EXTRACTED INFORMATION:
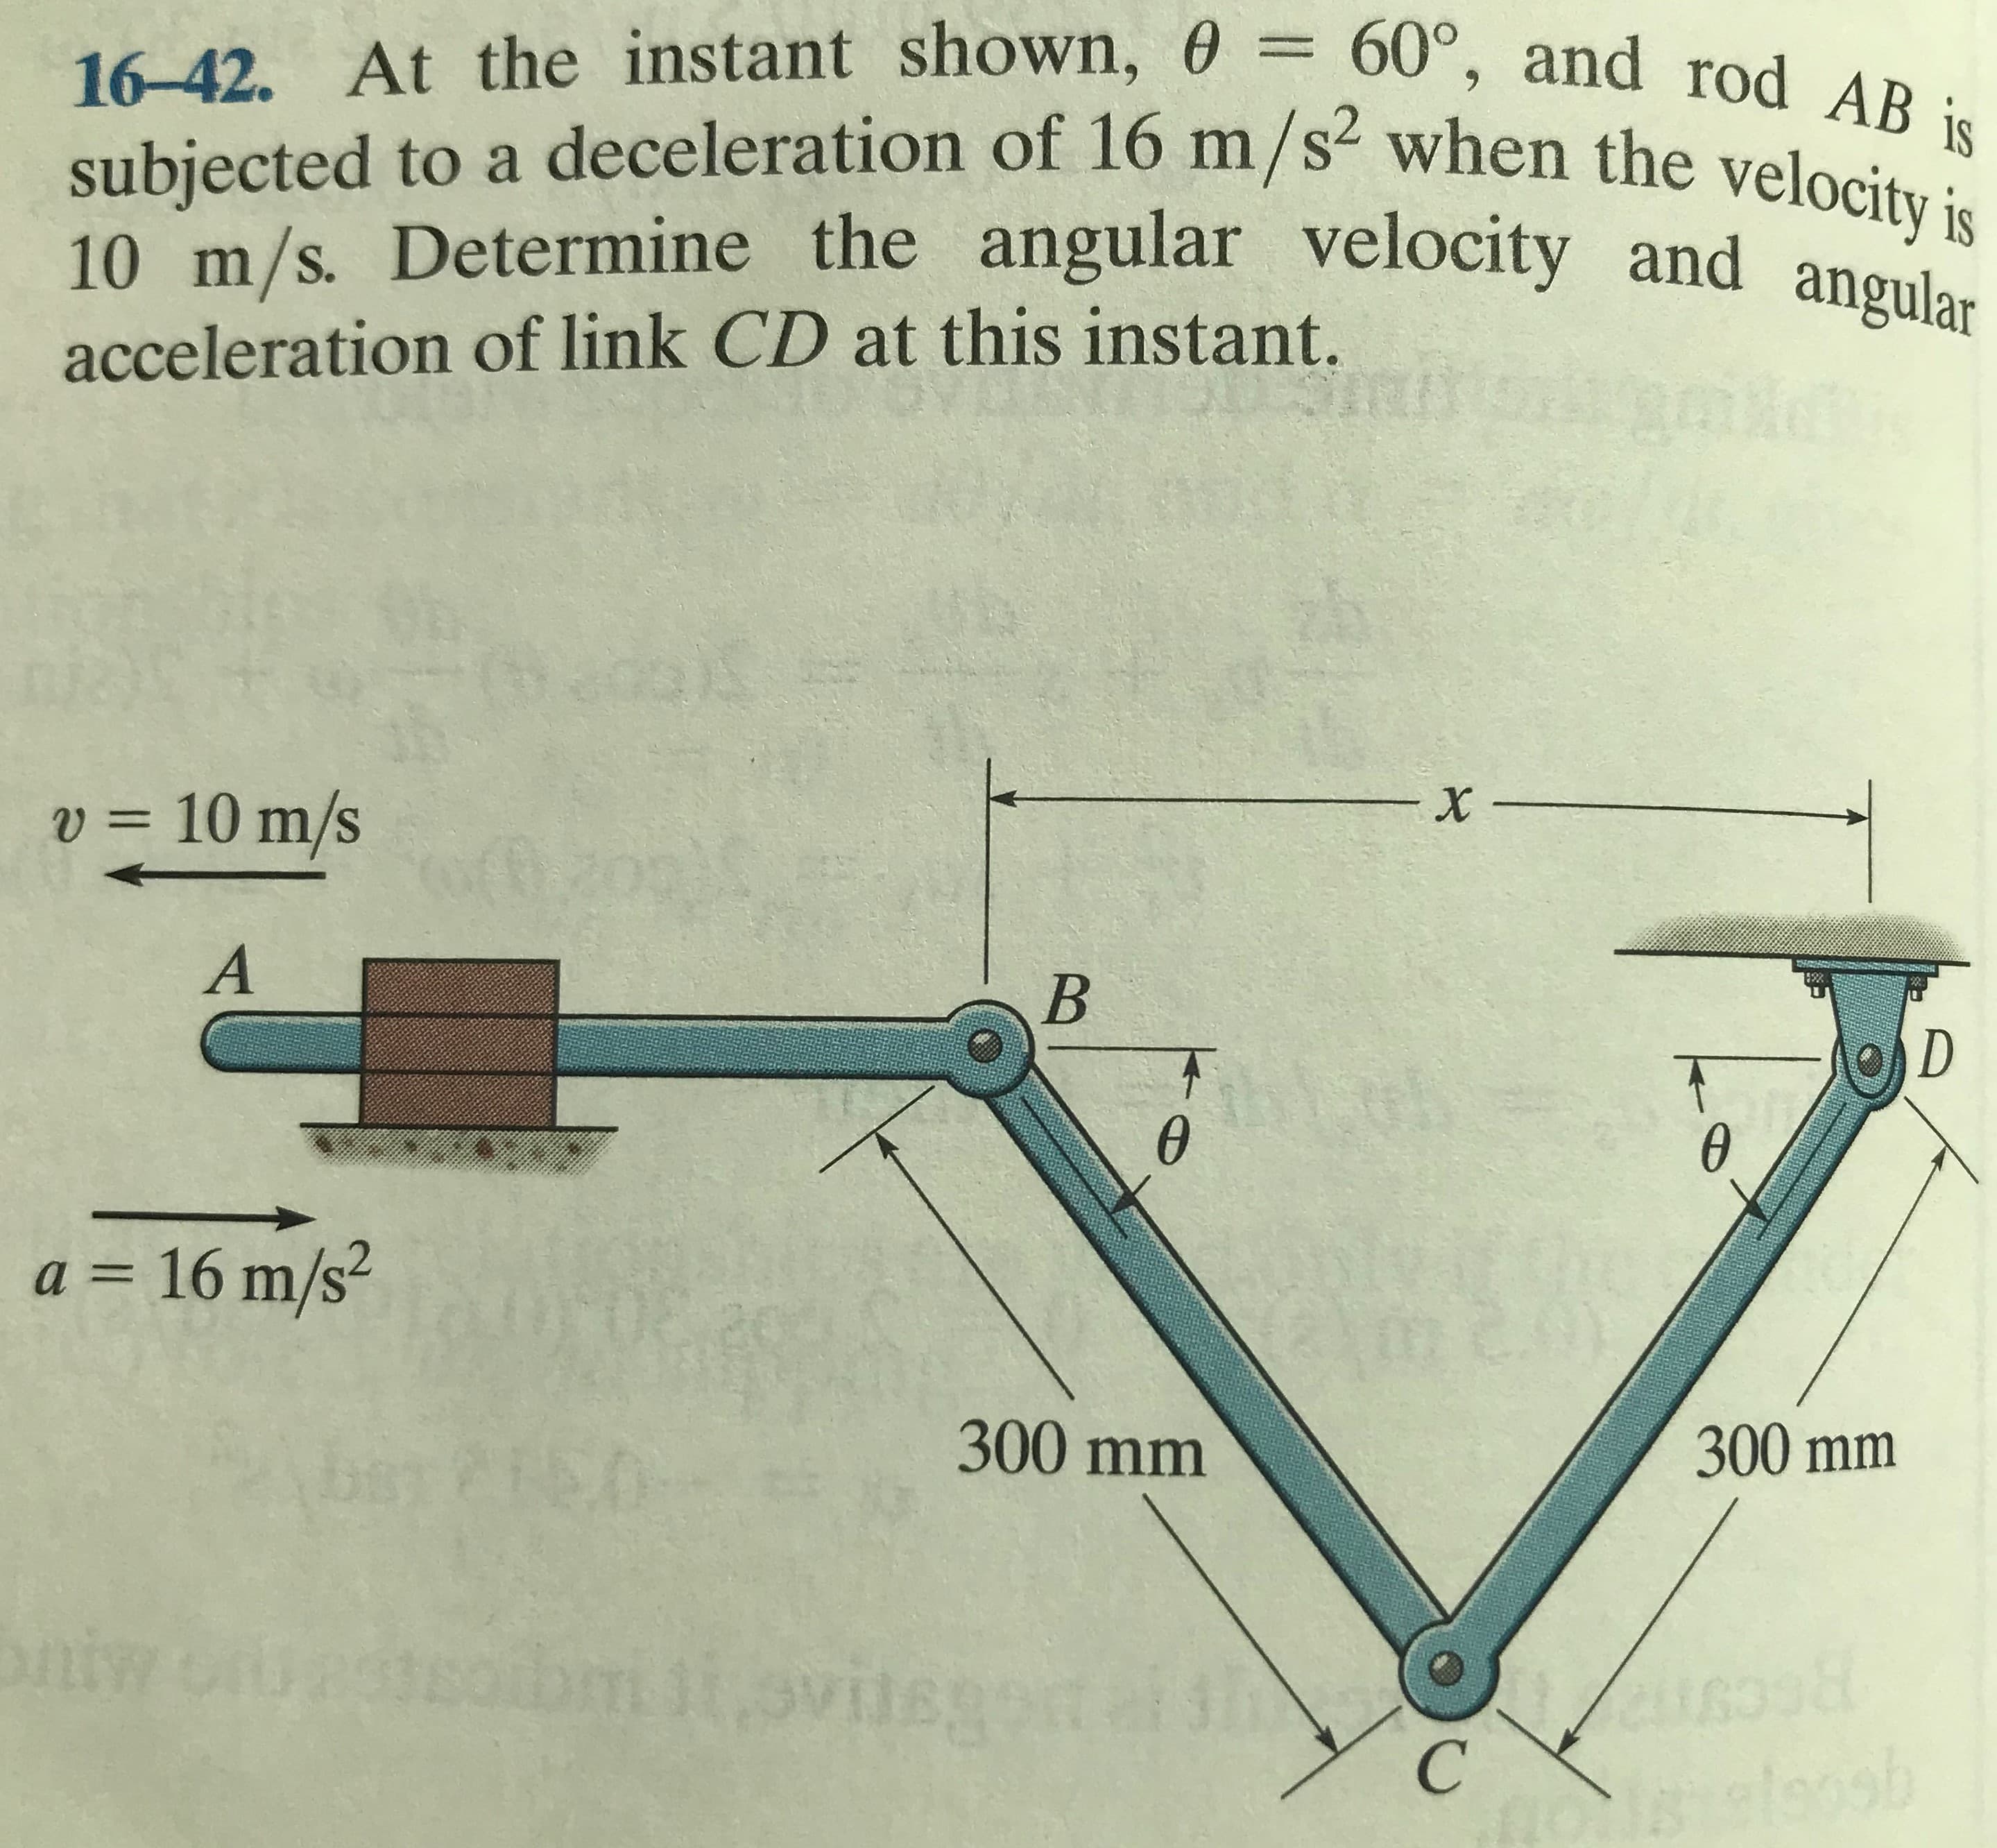 16-42. At the instant shown, 0 = 60°, and rod AB is
6.
subjected to a deceleration of 16 m/s when the veloc
10 m/s. Determine the angular velocity and angular
acceleration of link CD at this instant.
v = 10 m/s
%3D
2.
a = 16 m/s²
%3D
300 mm
300 mm
niw
mi,ovi

EXERCISE GOAL: Would you write each entry out again exactly, omitting the images?

WRITTEN RESPONSE:
 16-42. At the instant shown, 0 = 60°, and rod AB is
6.
subjected to a deceleration of 16 m/s when the veloc
10 m/s. Determine the angular velocity and angular
acceleration of link CD at this instant.
v = 10 m/s
%3D
2.
a = 16 m/s²
%3D
300 mm
300 mm
niw
mi,ovi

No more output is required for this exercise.